Introduction: Sodium-glucose cotransporter‑2 (SGLT‑2) inhibitors are widely used in type 2 diabetes, but their effect on the incidence of diabetic retinopathy remains uncertain.
Aim: To update the evidence on the relationship between SGLT-2 inhibitors and diabetic retinopathy incidence using a Bayesian network meta‑analysis (NMA) of randomised controlled trials (RCTs).
Method: A systematic search on Embase, PubMed, Web of Science, and ClinicalTrials.gov to 25 August 2025 identified RCTs in adults with type 2 diabetes comparing an SGLT‑2 inhibitor with placebo or active comparators and reporting diabetic retinopathy outcomes. A random‑effects Bayesian NMA estimated odds ratios (ORs) with 95% credible intervals (CrI) with ranking based on the surface under the cumulative ranking curve (SUCRA). Evidence quality was assessed using the Cochrane Risk-of-Bias tool and Confidence in Network Meta-Analysis (CINeMA). Network meta-regression explored treatment‑by‑covariate interactions including baseline diabetic retinopathy risk. Model‑based NMA (MBNMAdose) evaluated dose-response patterns.
Results: Thirty RCTs (eight gliflozins; 70,310 participants across study arms) formed a star‑shaped network without head‑to‑head trials. CINeMA indicated low confidence for most comparisons, mainly due to imprecision, with some concerns about indirectness and generally no concerns regarding heterogeneity or incoherence. No SGLT‑2 inhibitor altered diabetic retinopathy risk versus placebo (all 95% CrIs included 1.0). Probability rankings suggested empagliflozin most likely to be favourable and luseogliflozin least favourable (SUCRA values of 85.88% and 22.96%, respetively), but between‑drug differences were not statistically significant. Network meta‑regression identified effect modification by baseline diabetic retinopathy risk: higher placebo event rates were associated with lower relative odds under SGLT‑2 inhibition. No dose-response signal for diabetic retinopathy was detected, in contrast to dose‑related improvements in HbA1c and reductions in body weight and blood pressure.

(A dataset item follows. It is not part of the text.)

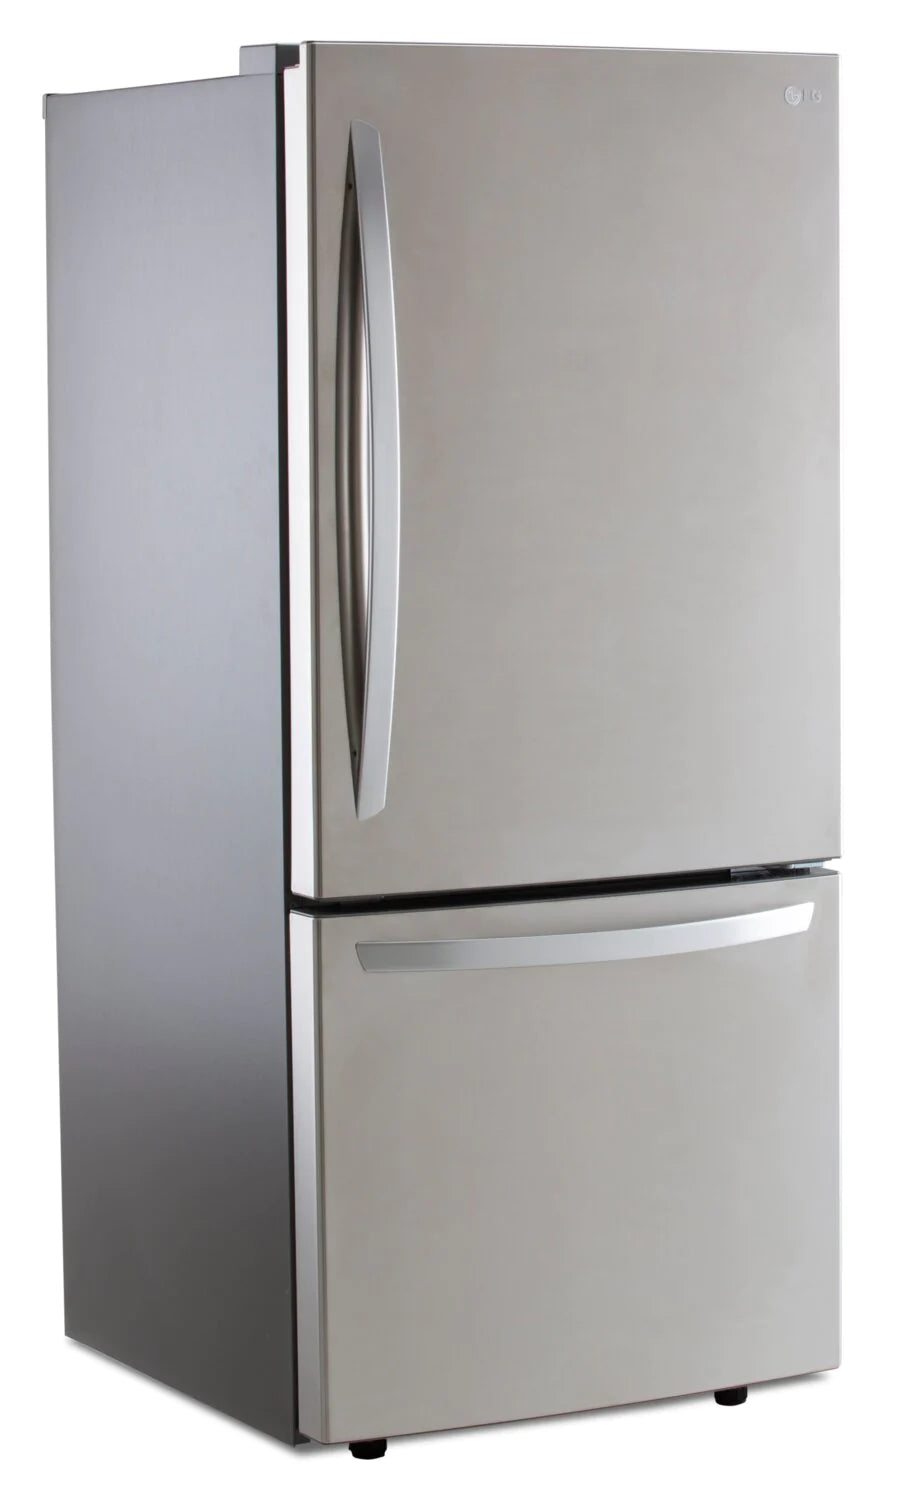 LG Refrigerator 30" Stainless steel LRDNS2200S

Conclusion: SGLT‑2 inhibitors showed a neutral effect on the incidence of diabetic retinopathy. Baseline diabetic retinopathy risk appears to moderate relative effects, and no dose-response was evident for diabetic retinopathy. Choice among agents should be driven by overall efficacy, safety and patient factors rather than retinal risk; dedicated trials with prespecified ophthalmic endpoints are warranted.